- What to do -
Take the lines below between the one holding "Had an awesome" and the one holding "If you're not", inclusive, and copy them exactly. Add nothing.

- Provided material -
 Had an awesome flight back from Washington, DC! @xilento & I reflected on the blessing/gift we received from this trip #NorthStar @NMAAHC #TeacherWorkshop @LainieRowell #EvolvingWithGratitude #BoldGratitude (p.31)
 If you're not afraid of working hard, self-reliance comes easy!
* * *
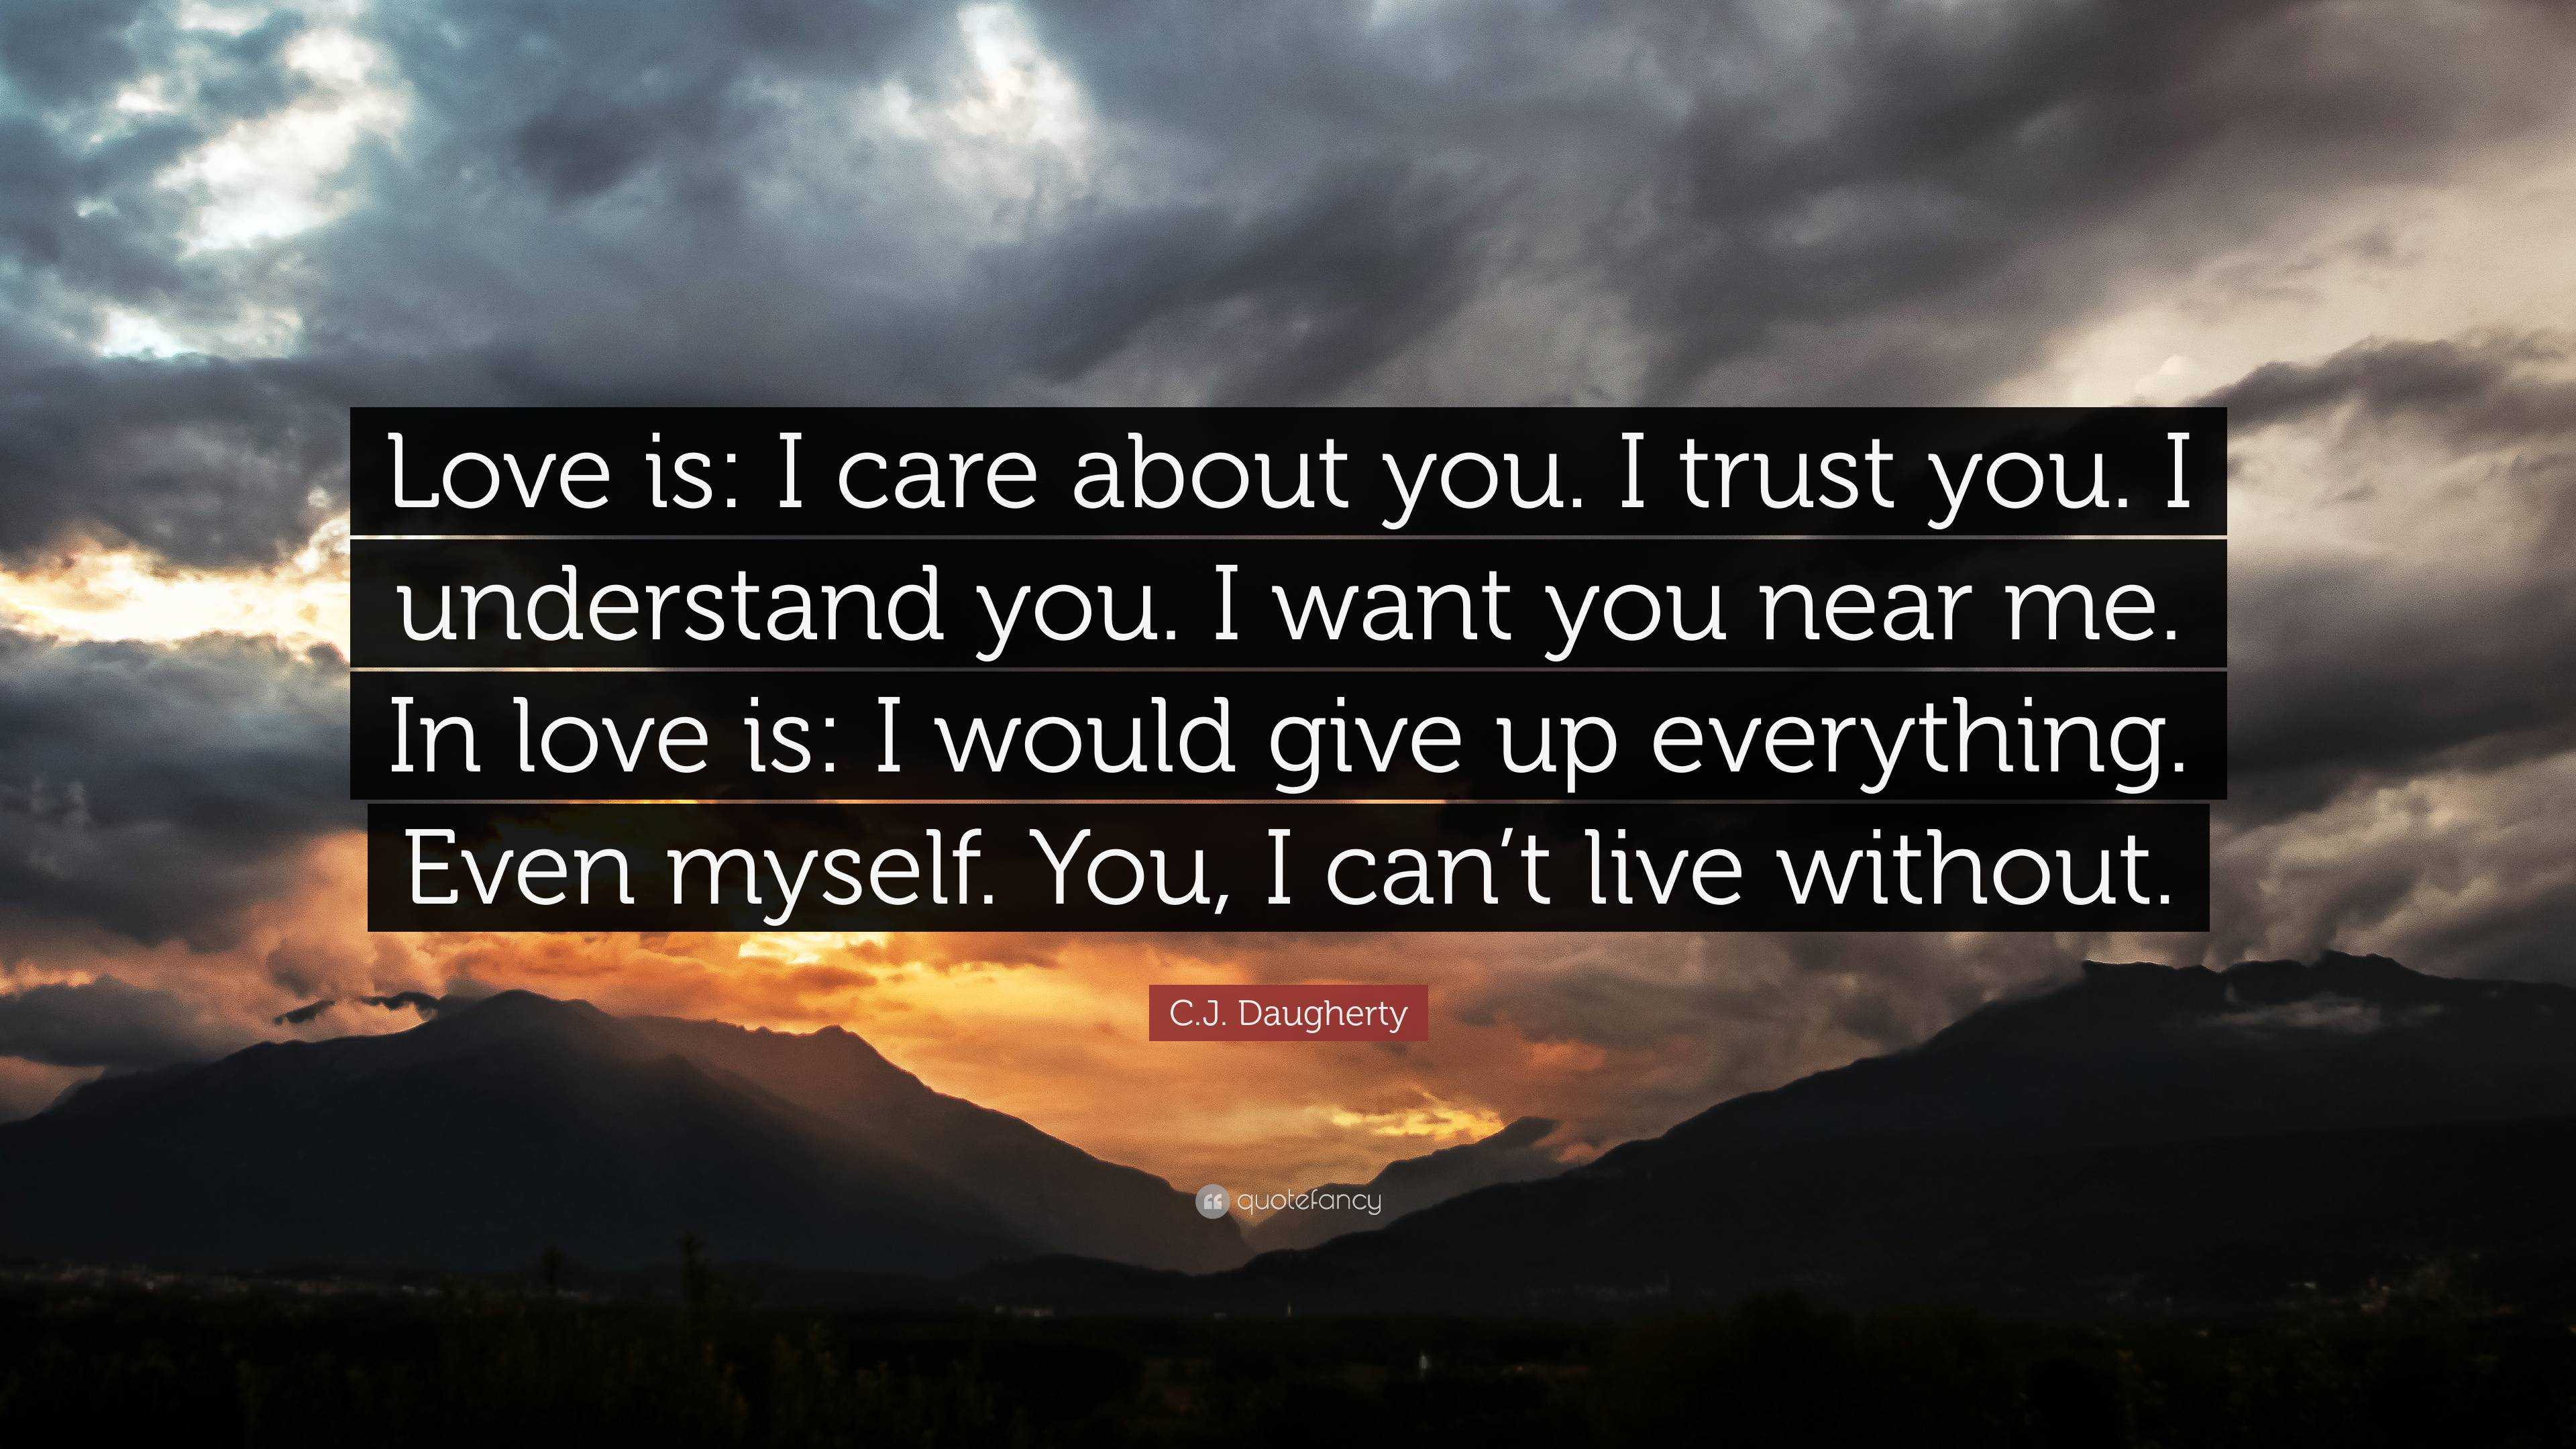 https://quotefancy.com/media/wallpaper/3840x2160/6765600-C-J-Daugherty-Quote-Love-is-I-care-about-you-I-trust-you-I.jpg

- Answer area -
 Had an awesome flight back from Washington, DC! @xilento & I reflected on the blessing/gift we received from this trip #NorthStar @NMAAHC #TeacherWorkshop @LainieRowell #EvolvingWithGratitude #BoldGratitude (p.31)
 If you're not afraid of working hard, self-reliance comes easy!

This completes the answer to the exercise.